Functionality & Mechanism

Developed by the NOAA National Severe Storms Laboratory, mPing is a citizen science platform for collecting ground-level precipitation data. The application leverages a device's GPS to geolocate user reports. The interface facilitates the rapid submission of observations by prompting users to select the current precipitation type from a predefined list, including rain, snow, freezing rain, and hail. For hail, the system also captures an estimated size. These geolocated reports are transmitted for meteorological research.

Evidence & Research Context

  • The platform was developed to provide human-observed, ground-truth data for validating and refining dual-polarization NEXRAD radar precipitation-type detection algorithms.
  • The associated research describes the crowd-sourced data as consistent and accurate, filling observational gaps where automated surface sensors are unavailable or insufficient.
  • Data collected via mPing has been utilized to evaluate the accuracy of numerical weather prediction models, including the North American Mesoscale Forecast System.
  • An analysis using these citizen science reports facilitated the identification of model biases, specifically an over-forecasting of snow/rain and an under-forecasting of freezing rain/ice pellets.

Intended Use & Scope

mPing is intended for the general public, educators, and students acting as citizen scientists to contribute to meteorological research. Its sole function is to collect user-submitted observations of ground-level precipitation. The application does not provide weather forecasts, warnings, or personal safety alerts. Users must consult official sources for operational weather information and guidance.

Studies & Publications

2 publications

Peer-reviewed research associated with this app.

Validation Study

Verifying Forecast Precipitation Type with mPING

Elmore et al. (2015) · Weather and Forecasting

Successfully validated crowd-sourced observations for assessing precipitation type forecast accuracy.
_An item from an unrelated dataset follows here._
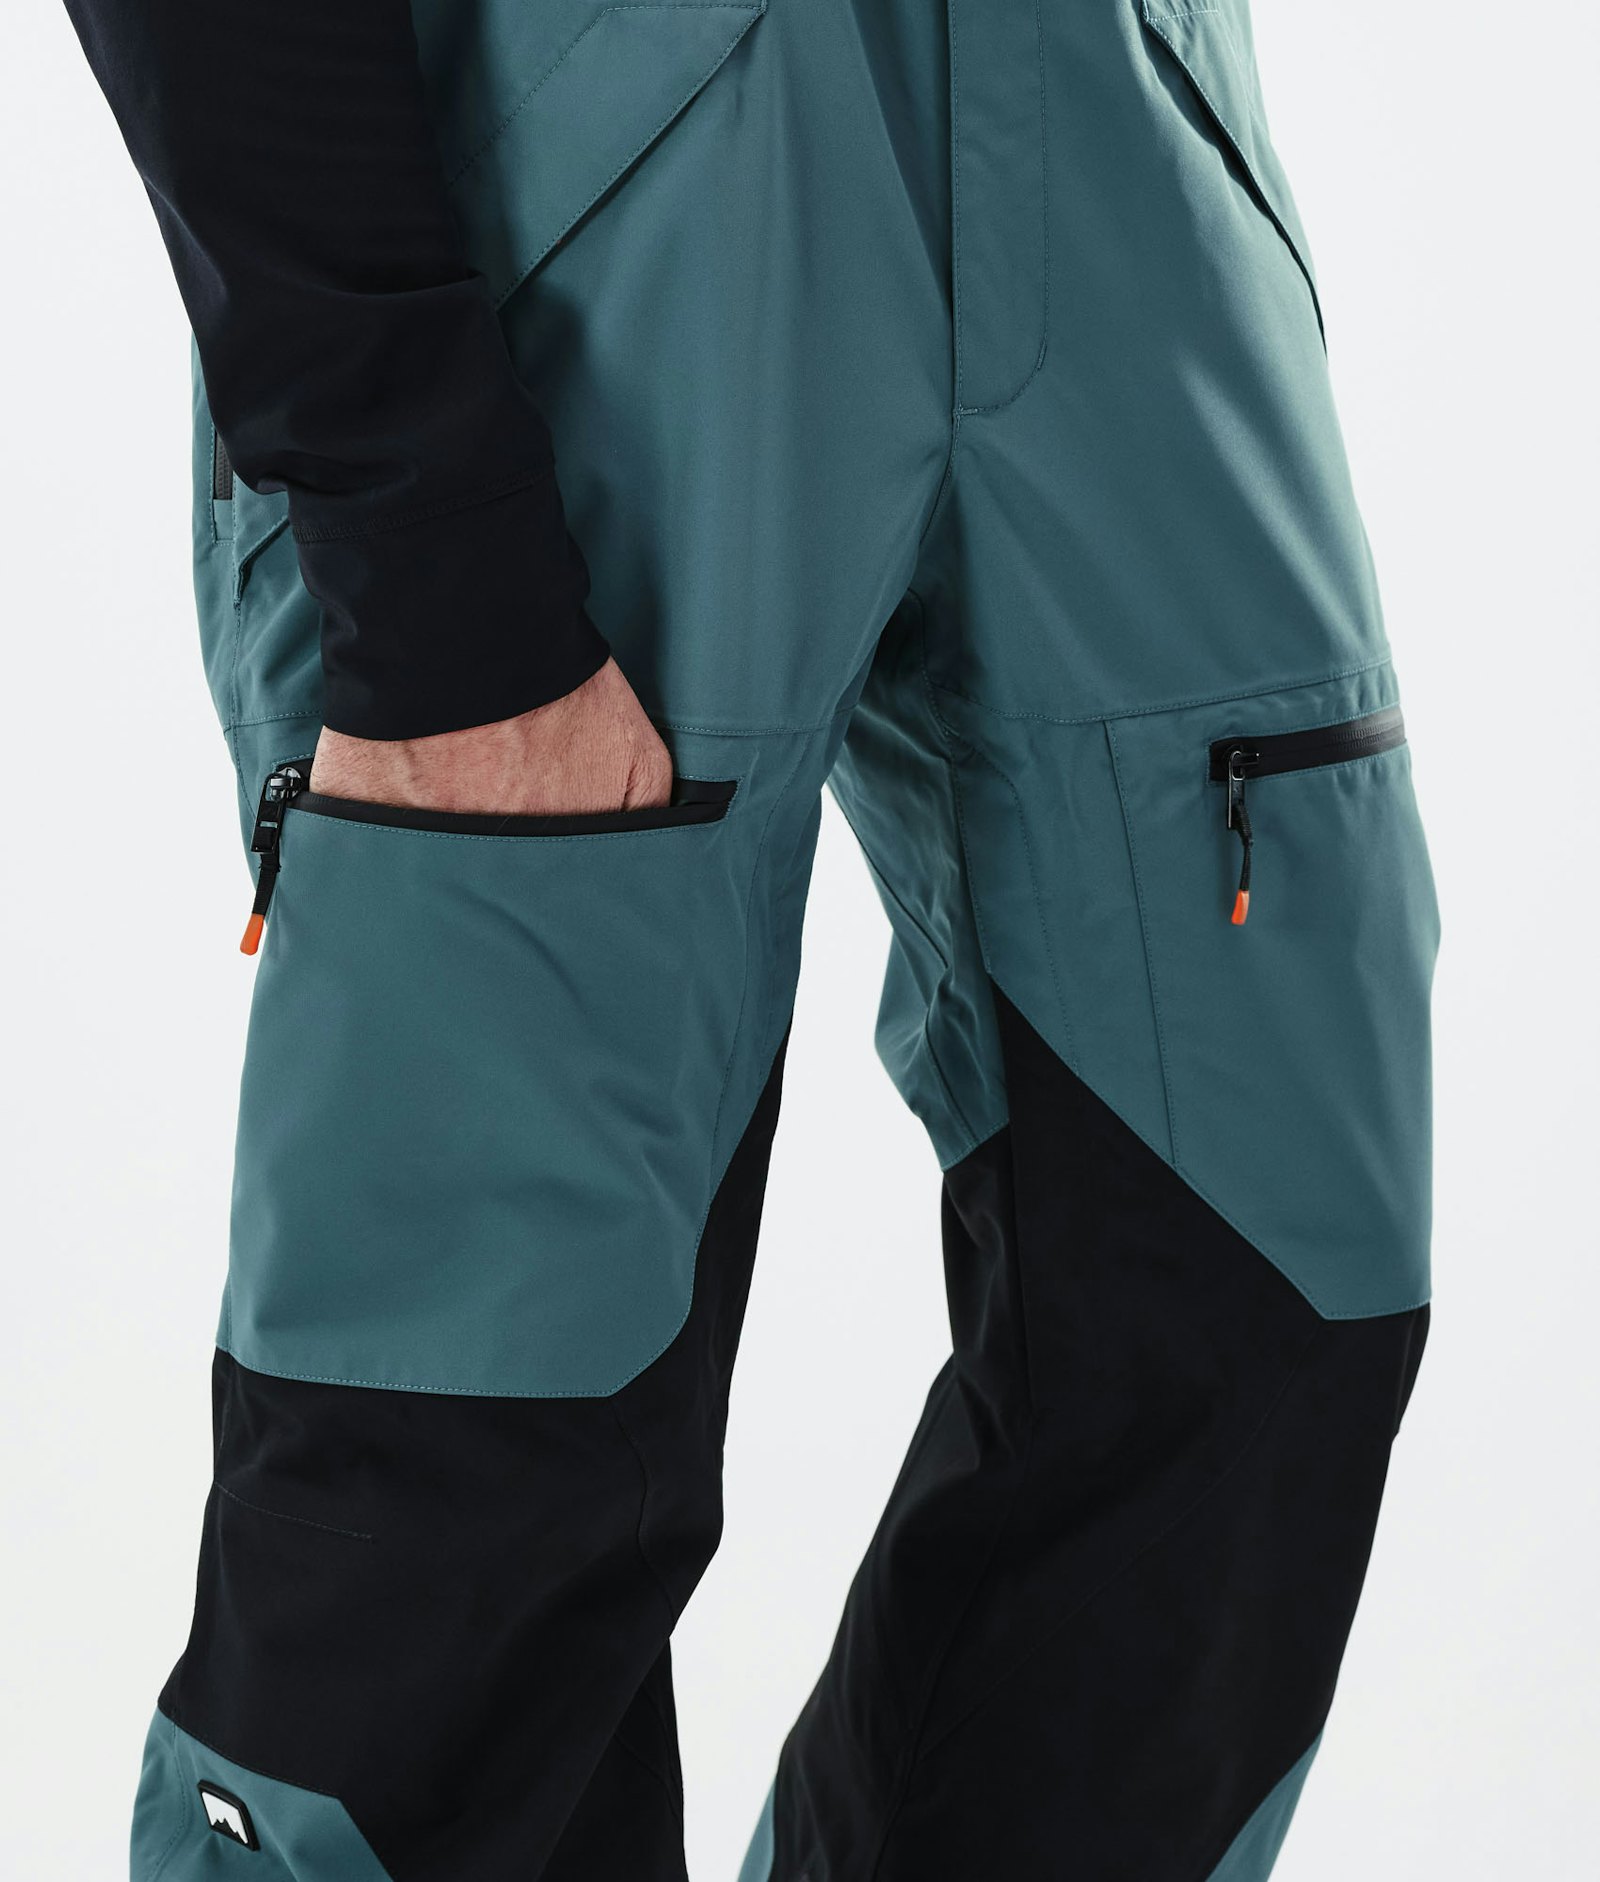 Moss 2021 Spodnie Snowboardowe Mężczyźni Atlantic/Black

In winter weather, precipitation type is a pivotal characteristic because it determines the nature of most preparations that need to be made. Decisions about how to protect critical infrastructure, such as power lines and transportation systems, and optimize how best to get aid to people are all fundamentally precipitation-type dependent. However, current understanding of the microphysical processes that govern precipitation type and how they interplay with physics-based numerical forecast models is incomplete, degrading precipitation-type forecasts, but by how much? This work demonstrates the utility of crowd-sourced surface observations of precipitation type from the Meteorological Phenomena Identification Near the Ground (mPING) project in estimating the skill of numerical model precipitation-type forecasts and, as an extension, assessing the current model performance regarding precipitation type in areas that are otherwise without surface observations. In general, forecast precipitation type is biased high for snow and rain and biased low for freezing rain and ice pellets. For both the North American Mesoscale Forecast System and Global Forecast System models, Gilbert skill scores are between 0.4 and 0.5 and from 0.35 to 0.45 for the Rapid Refresh model, depending on lead time. Peirce skill scores for individual precipitation types are 0.7–0.8 for both rain and snow, 0.2–0.4 for freezing rain and freezing rain, and 0.25 or less for ice pellets. The Rapid Refresh model displays somewhat lower scores except for ice pellets, which are severely underforecast, compared to the other models.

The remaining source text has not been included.